Encapsulate the year 2010 in one word. Explain why you’re choosing that word. Now, imagine it’s one year from today, what would you like the word to be that captures 2011 for you? – Gwen Bell, Reverb 10

I did actually pick a word for 2010 way back when 2009 was ending. That’s not the same as what this is asking I know, but it was something I was planning to do for 2011 as well and hadn’t figured it out yet (I will be sure to let you know when I do). I had decided then that my word for 2010 was to be fulfillment. In a way, it was a very apt selection. I helped myself achieve several dreams from my life list and had a wonderful time doing it. I learned so much. Interesting though, in that it was not the fulfillment I had originally had in mind and hoped to bring about when I thought it up for myself.

When I think back on 2010 to select a word for how it’s been, I go back and forth between a few, wondering if there is any one word that can describe this year. I would say it’s been a year of learning, but it’s been a bit more than that. So, I guess really it’s been a year of growth. Some of it was fun and easy, and some if it was the, “Eat your brussels sprouts because they’re good for you,” kind. Sometimes I’m still not sure what to make of it, really.

I know that I am grateful for this year. I don’t know that I’ve ever had quite this kind of push (as well as the time) to work on myself. Through travel, through learning opportunities, through reading, through talking to friends, new and old. It’s been an interesting year of discovery and reflection. Nothing has really turned out the way I thought it might, but it’s still good nonetheless. Hmmm… Maybe the word should be unexpected?

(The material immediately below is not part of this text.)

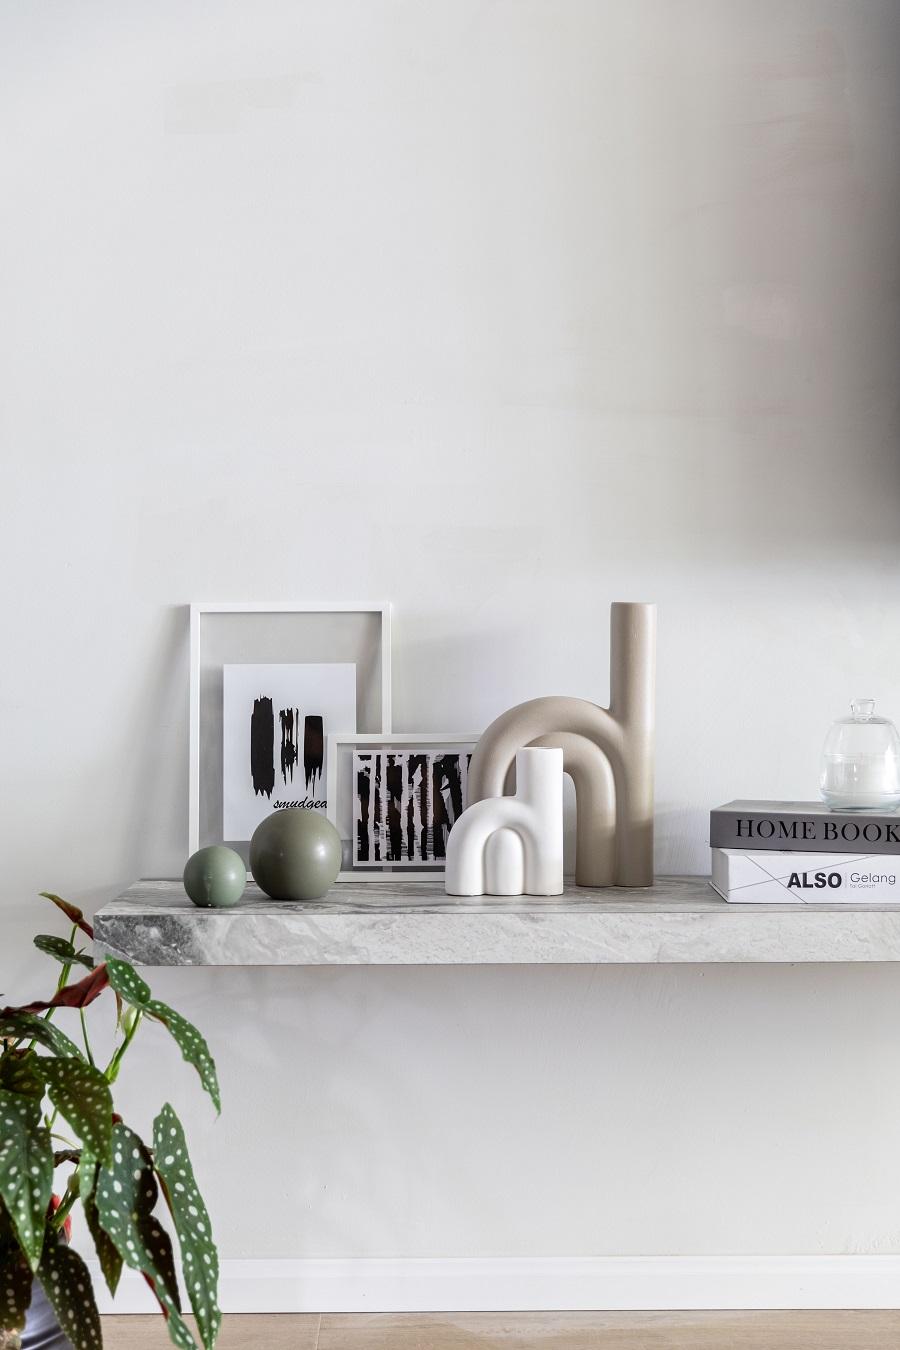 עיצוב בטי יעקובסון | צילום אוריתא רנון

As for how I would like to be looking back on 2011 at this time next year… Is it cheesy to say happiness? Actually, I think satisfaction might be more apt. And not satisfaction as in the report card “satisfactory” versus “good” and “very good;” I mean satisfaction in the way that things are very, very good, and getting better as the days pass. That I am happy and fulfilled and energized. That I am inspired. Satisfaction in that things are going well and smoothly and my needs and wants are being met and that things are just, well… very, very good.